Figure 48: Comparison of cumulative real weight losses and weight losses, farm study 1995 (n = 21 storage structures)

Figure 49: Comparison of cumulative weight losses and weight losses, station study 1995, (n = 9 storage structures)

4.2.6 Qualitative analysis of cassava chips

The HCN content of the cassava chips decreased by about 44%, from 127.08 mg/kg at the beginning to about 71.2 mg/kg by the end of the storage season. These figures are means for all varieties and indicate the general tendency of decreasing HCN. The standard deviation was neglible at 0.2.

The starch content of the chips decreased by only 0.4% during the storage sea son, from 78.6% at the beginning in February to about 78.2% by the end in October, 1995. These figures are means for all varieties, but the starch contents of each variety were quite similar. These results confirm the findings in the analysis under controlled conditions and indicate that insects cause more physical destruction and weight loss of the chip than qualitative loss.

Cassava chips absorb moisture rapidly from humid environments and reach an equilibrium moisture content. At 30° C and 70% r.h., chips have a moisture content of about 15%, which is the acceptable upper limit for safe storage (Anon. 1952; Anon. 1965). During the 1995 storage season, the moisture content increased from 8 - 9% at the beginning in February to about 14 -16% at the end in October.

4.2.7 Economic study of cassava chip storage

Weight losses in dried chips have to be viewed with a wider perspective and not just seen as a mere quantitative exercise. For a complete picture of the post-harvest situation and a careful evaluation of the storage systems aspects must be considered such as perceptions of the farmers, socio-economic importance of cassava and profitability of the subsistence crop. The participatory appraisal method and the incorporation of the farmers' views on storage management and estimations of weight losses in chips help to provide this overview of a situation. Loss figures are usually only estimates, but at the same time the perception of the producer is considered while no serious efforts have been made to quantify economic losses involved in chip storage, economic evaluation of the current postharvest situation is important to appraise improvements and to indicate critical thresholds, i.e. for the application of pesticides. Farmers seem to be more receptive to recommendations for chip storage if they gain access to markets and this attach an economic value to the produce (Bell and Mück, 1997).

Perception of weight losses during cassava chip storage

When evaluating the weight losses in the farm survey, it is very important to relate the abstract weight loss figures to the farmers' estimations. Farmers perceived their total losses much higher than the loss figures calculated in 1995 and felt that they lose on the average 9 -15% of their stored produce compared to 2 - 3% estimated by quantitative measurements. The majority of the 21 farmers (95.3%) felt their general losses were between 5 - 20%. Only 4.3% of the farmers thought the weight losses were beyond 20%. In general, most of the farmers classified their losses as medium-severe to severe, especially towards the end of the storage period. The investigation of the relationships between the two variables, perception of losses by farmers and weight losses assessed by the GM, revealed that these two variables do not closely correlate (r = 0.3).

The estimation of losses as given by farmers underlines the importance of cassava chips as a security crop; farm-families depend for their survival on a sufficient amount stored insect-free in the lean season to bridge the gap until the next harvest. Because interviews with farmers were mainly carried out in the lean season and towards the end of the storage season, when farmers might have perceived chip losses much higher than actual and other stored agricultural products might have been insufficent, they may have expected assistance from the project and exacerbated the situation. Therefore, it is important to assist the farmers in their needs, but it is also necessary to consider the situation environment of the farm-household.

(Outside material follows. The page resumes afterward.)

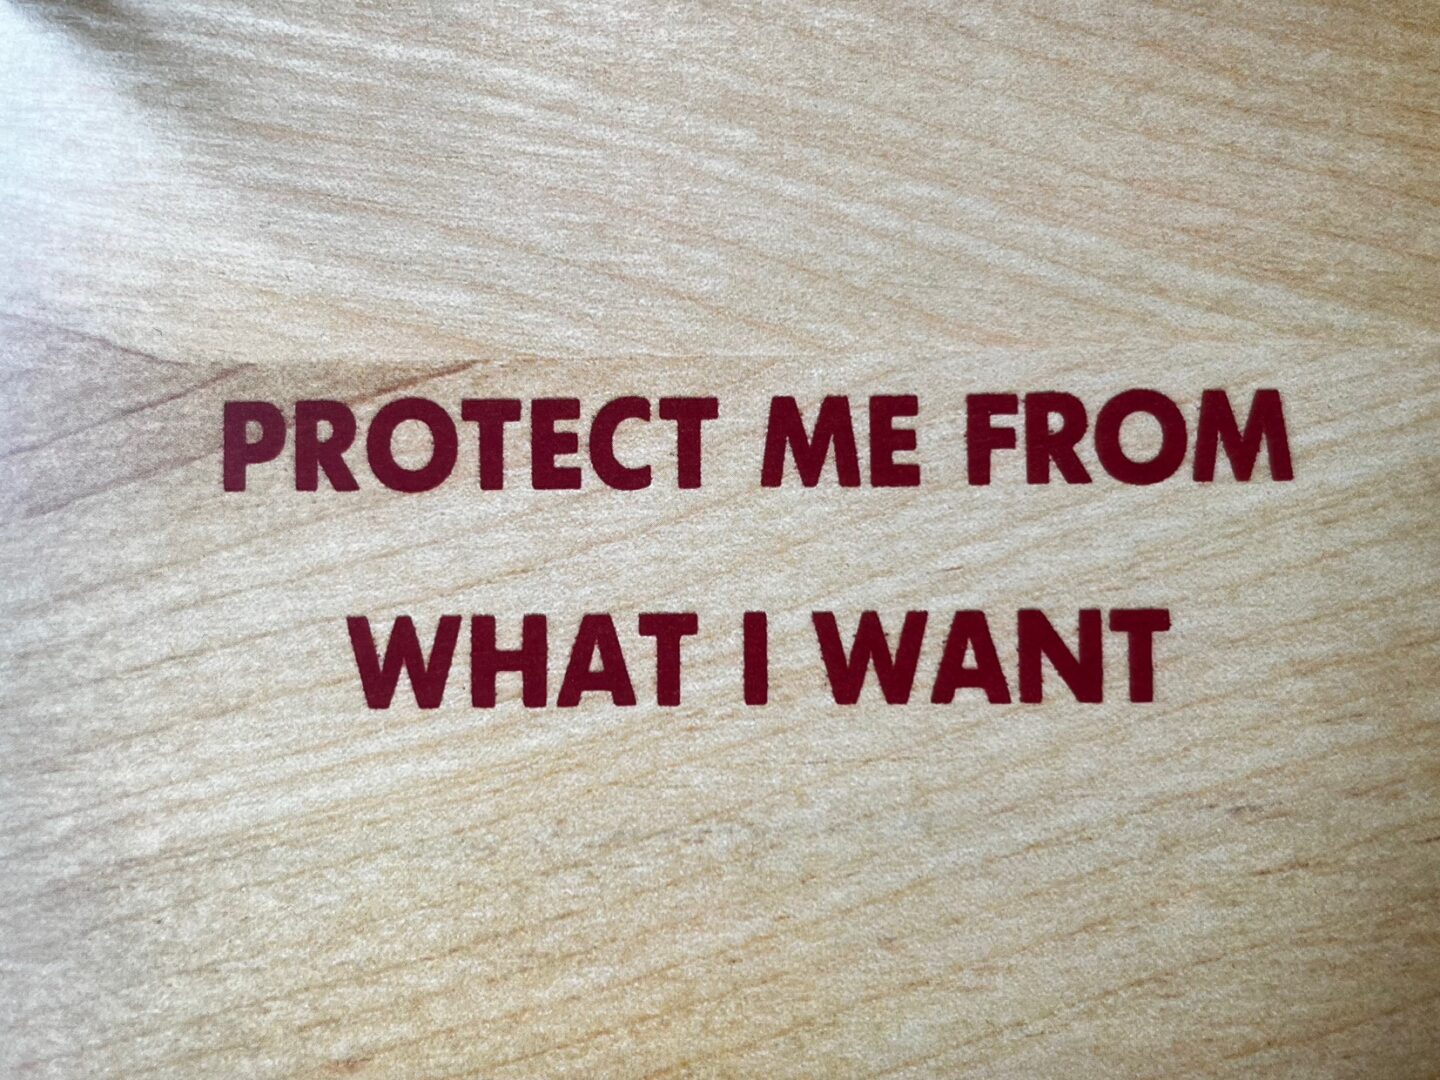 Sprachgewaltig und gesellschaftskritisch: Jenny Holzers Textkunst. protect me from what I want, beschütze mich vor dem was ich will. Schrift in rot auf holz

4.2.7.1 Economic evaluation of cassava chip storage

Farmers' economic behaviour in developing countries frequently differs from that in developed countries. The fragile and complex environment is one reason for their awareness of risk and their uncertainty regarding agricultural production and storage of subsistence and cash crops, and their resulting decisions affect their survival in this environment. The cultural, social and economic factors affecting those involved should be considered when estimating losses, because they may complement and contribute to an understanding of the more academic exercises of assessing losses (Harris and Lindblad, 1978). The farm-household can be studied as an economic unit, a social group, a product of historical development or a consumption unit. Hence, the discussion has to stress the heterogeneity of peasant farming in terms of the technical, economic and especially social and cultural environment. Farmers have many priorities, of which a sufficient food level for the farm-household is the highest; so, it is also important to attribute value to the stored cassava chips for an assessment of financial losses during their storage. The following section deals with the economic assessment of stored dried cassava chips (Stumpf 1989).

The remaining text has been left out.